You can calculate the gross return by multiplying the annual basic rent with 100 % and then divide by the purchase price:
$$\text{gross return p.a.} = \frac{\text{basic rent p.a.} * 100\%}{\text{purchase price}}$$
Usually, the purchase price used here is without additional buying costs such as transfer tax, notarial charges or realtor provision.
The basic rent is the rent, which covers only the surrender of use of the property. Important values, which influence the investor's cashflow, such as the non-transferable operating expenses or the maintenance fee are not included here.
From the landlord's point of view the basic rental income per year is the same as the gross rental income per year. However, this should not be confused with the gross rent, since the gross rent is a term used from the tenant's point of view, since it includes all operating expenses for the tenant.

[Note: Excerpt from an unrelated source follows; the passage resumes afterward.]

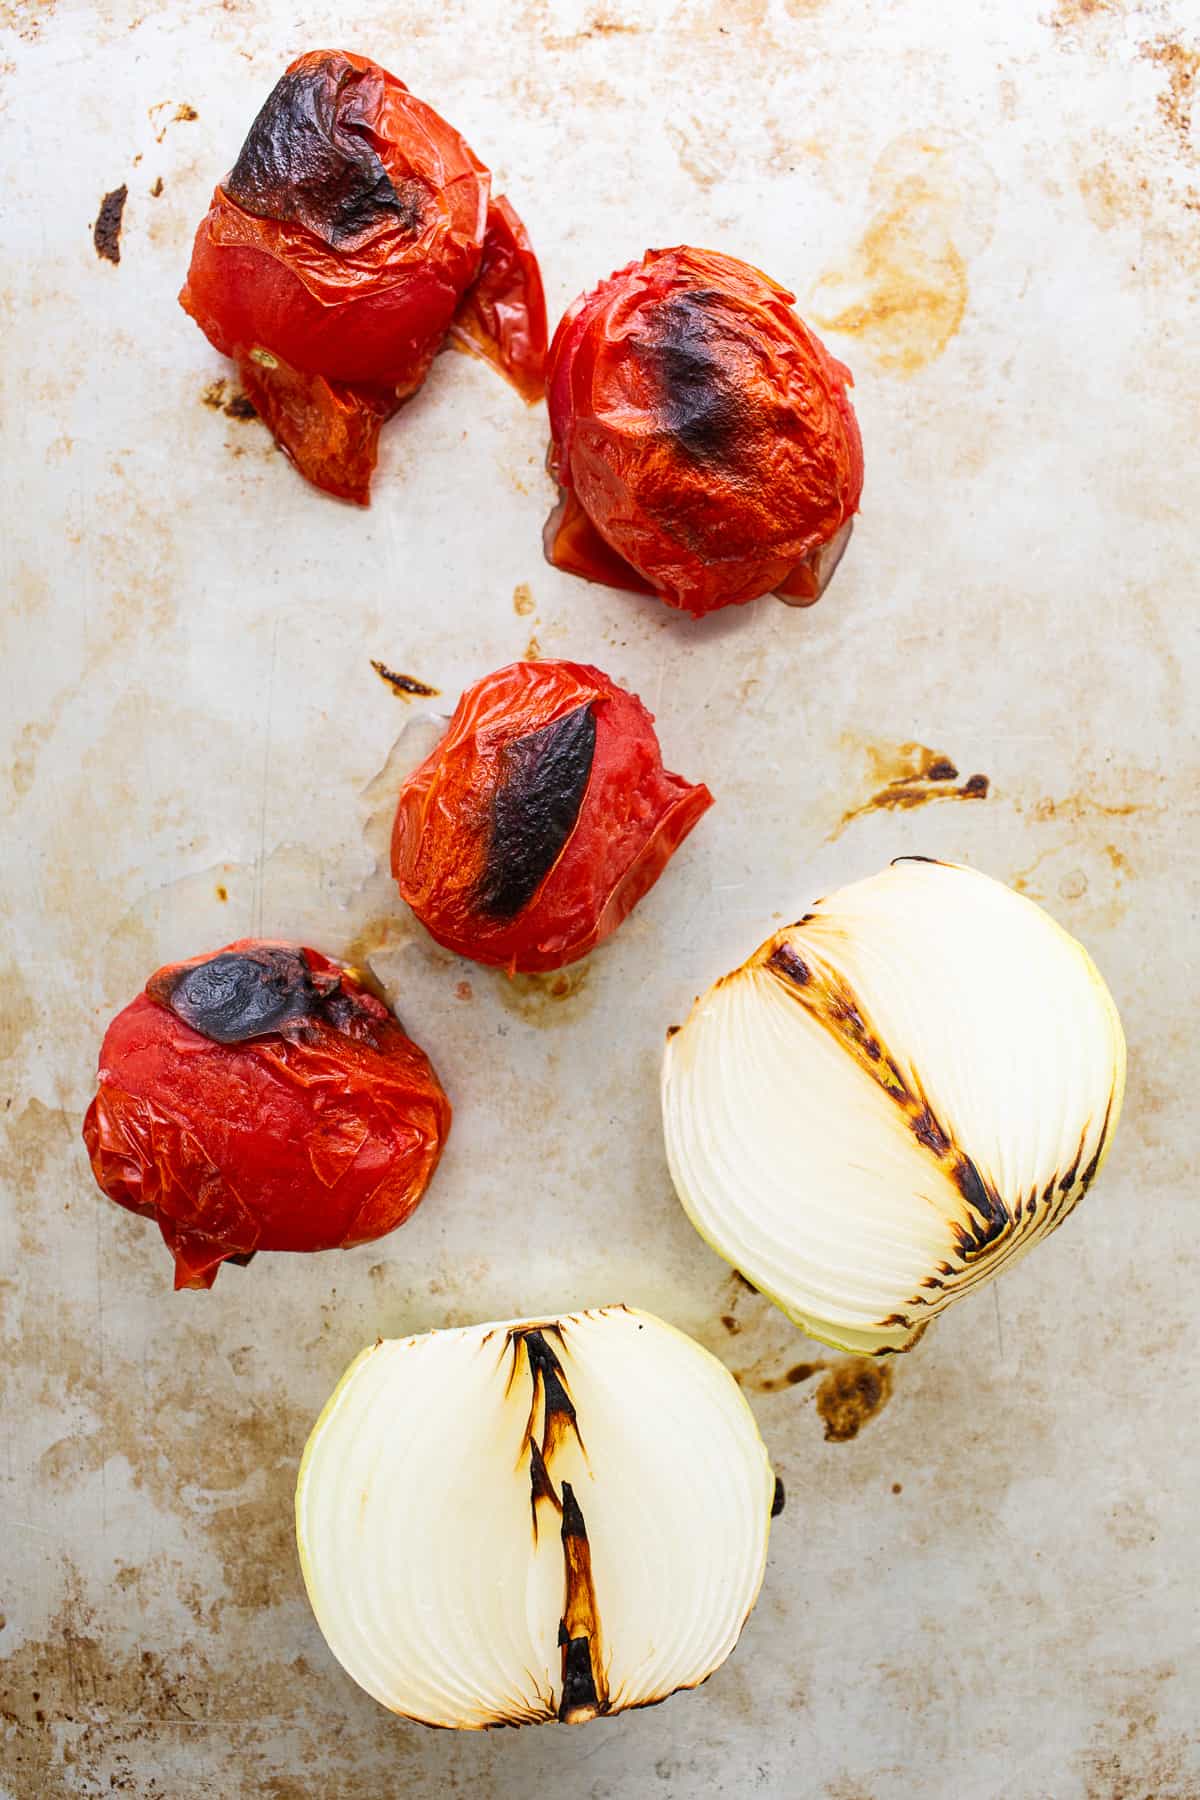 Roasted Roma tomatoes and a white onion on a baking sheet.

5. How to interpret the gross return?

The gross return represents the percentage of the annual basic rent on the purchase price. The higher the gross return, the faster the property can amortize itself theoretically. An amortization takes place, if the investment is able to pay for itself from the incoming cashflow solely.
There is a general saying, that the higher the return on an investment, the higher the risk of this investment. However, the gross return is not able to provide a realistic statement, since many factors are not taken into account. For a more realistic assessment you should consider the negative cashflow positions, such as the non-transferable operating costs or the maintenance fee. These factors can influence the actual return on the investment, or the actual cashflow quite considerably. Furthermore, the state of the property should be taken into account as well, since planned or unplanned restorations can decrease the ROI (return on investment) at least in the short-term. Additionally, possible financing costs should be kept in mind to calculate the ROI for the property investment.

6. How high should the gross return be?

The gross return is a number, that is determined by each investor individually, since it reflects his/her personal investment desires. The gross return is applied as a rough first assessment to pre-select investments. The following questions might be useful for your considerations:
  • Do I want a property investment to grow my capital using a positive cashflow?
  • How important is a long-term increase of the property value to me?
  • Are there high costs up front for restorations or repairs?
  • Do I need financing and if yes how high are the costs?
  • Do I want to have a tax reduction with my property investment?
It is important that you become aware of your individual needs as an investor. Once you've figured that out for yourself, you can start observing the property market and make your own calculations to get a feeling for the current prices and return rates. Please keep in mind, that the gross return is only a rough indicator, since important cashflow factors such as the non-transferable operating costs and maintenance fee are not taken into account. That's why you can sort our property investment search results using the more meaningful net return.